因为这皮套人事件,他都欠了多少人情,答应了多少事情......即使达不到初衷,至少让他止亏吧。
“你们还真是...”符玄再一次从常晟口中确认事情经过,表情古怪着,搜了半天词库,再道:“有够无聊。”
“其实我自己也这么认为。”
停云和常晟都停下说话,安静地看向符玄。
符玄为人类的双眼合上,念念有词,处于眉心疑似装饰的眼忽然镀上一层迷离的光彩。
无数的可能性在她眼前流淌而过,而她的法眼只锁定最符合常晟要求的未来。
她缓缓抬起手,朝空中虚握一把。
“我看到了。”
一个难以置信的未来。
“符玄?”常晟关切喊着。
“...你们在这等着,我再用穷观阵算一次。”这还是符玄第一次在外人表现出对自己神通的不自信。
常晟拉住准备前往穷观阵的符玄,摇了摇头:“要是影响太广的话,就算了吧。”
是他拜托符玄推演未来,若是符玄或者罗浮因为自己的选择出现差错,常晟过不去自己心里那关。
“...你多虑了。”符玄盯着被捏住的手腕,试图整理自己的失态:“告诉你们也无妨。但我事先说明,这是神通推演出的最佳选择,与我无关,也不代表我的立场,更不代表我对本人有所怨言。”
常晟看着猛叠甲的符玄,心中的不安更甚。
一旦说出口,接下来的话就顺畅得多。
“??????”
常晟疯狂打着问号,只想问一句小问号,你是不是有很多朋友要找上门。
放下心理负担的符玄扶着额头,一并看到未来的结果,就是某人的女装照在大脑里挥之不去。
高挑御姐、丰腴、白毛、慵懒、上位者。
身为仙舟人,然而已经成年了,身体不会再长大的符玄心中不满道。
随后,符玄转念一想,觉得这未尝不是一个机会。
不行,我可是太卜司的太卜,岂能用这么下作的手段。
符玄很清楚,尽管长生种的寿命漫长到不可思议,但在血火厮杀的战争中,却鲜有云骑将军能在履任后撑过百年的大关。与其说这是一种宿命,不如说这是一种传统。作为镇护仙舟、讨伐孽物的武装力量,将军除去绸缪调遣的职责,更需要身先士卒,叩关斩阵。

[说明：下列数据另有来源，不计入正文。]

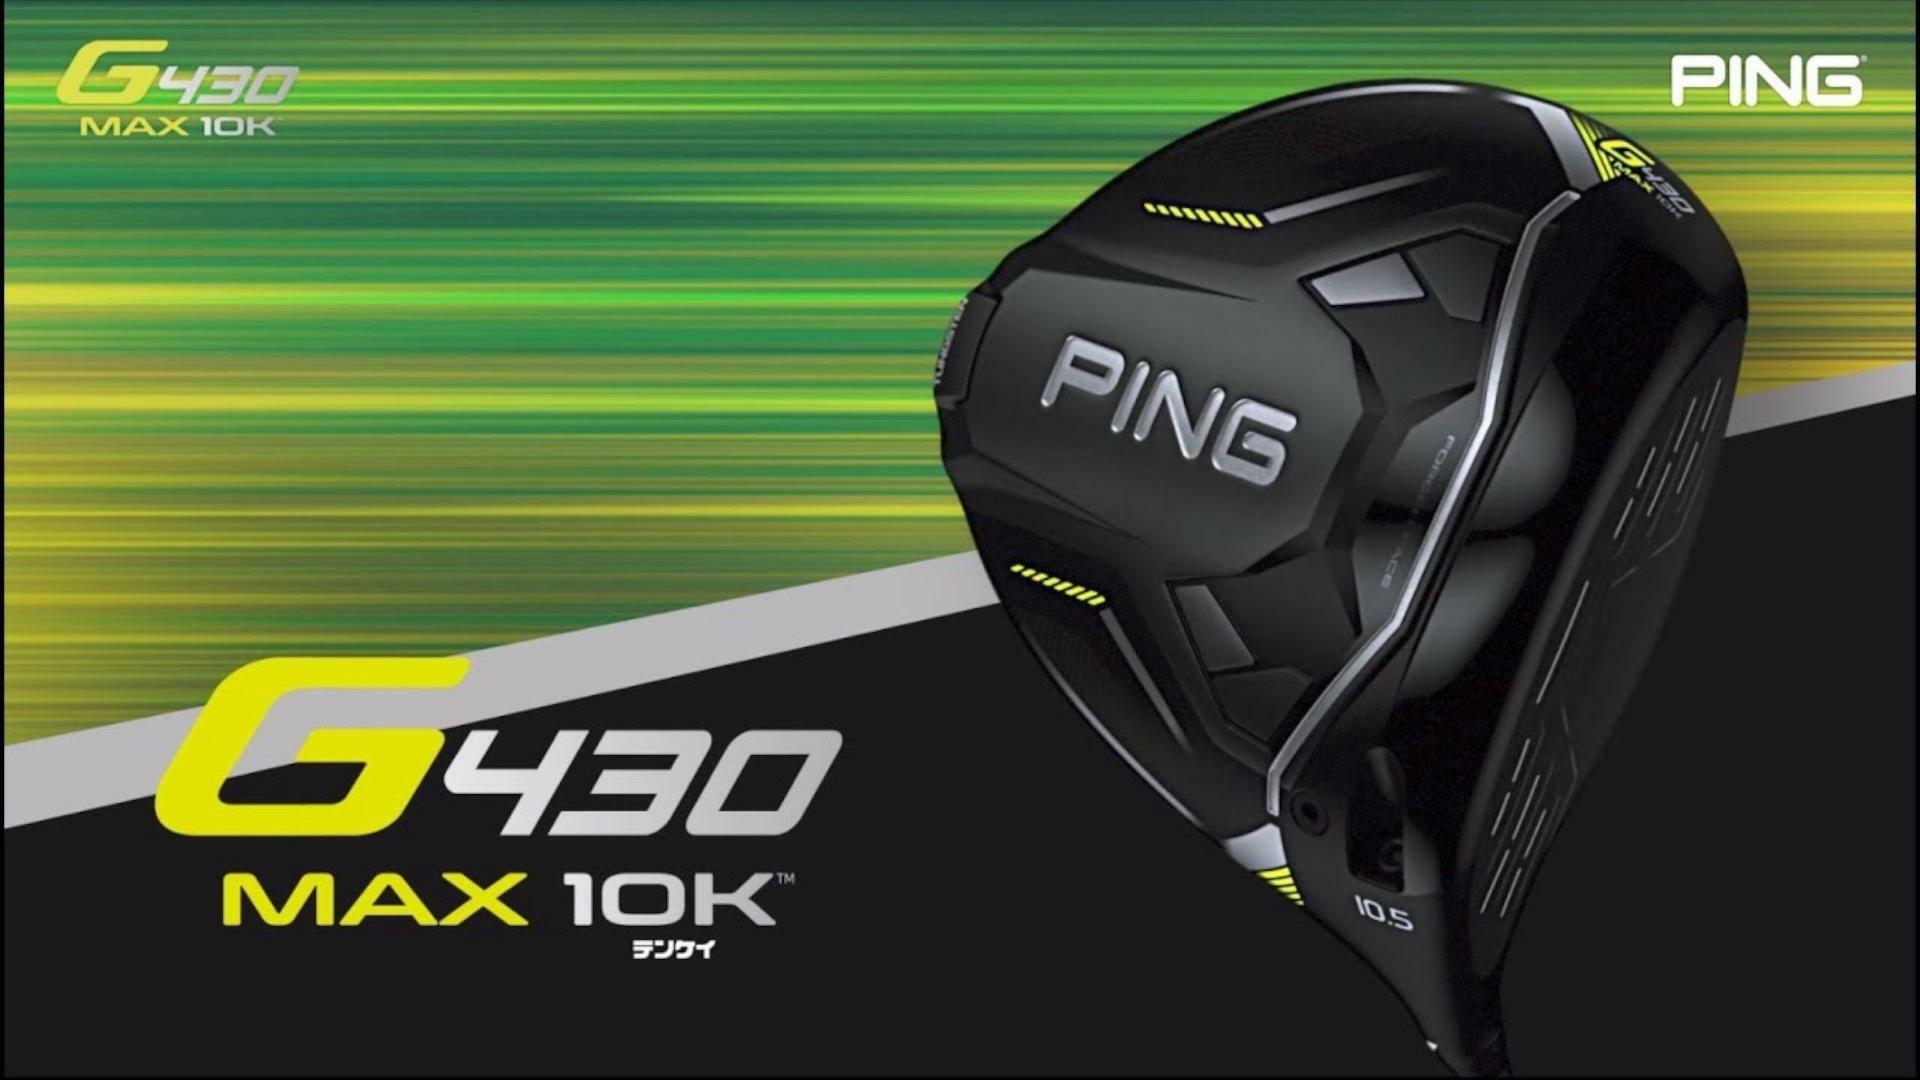 PING / G430 MAX 10Kドライバー (PING公式HPより引用：https://clubping.jp/product/product2024_g430max10k.html)

所以将军要么战死沙场,要么看着战友一个个离去,情绪难稳,容易堕入魔阴身,不得不提前退休养神。
符玄心中思绪万千,其中还包括为何自己只能看到未来,而不能将大脑里的影像实体化。
“不是,你觉得有可能吗?我,让景元女装?”常晟真的很想高声质问,却不得不压低声音,“靠什么?钱?权?人情?”
“......”
常晟觉得自己还不如不问。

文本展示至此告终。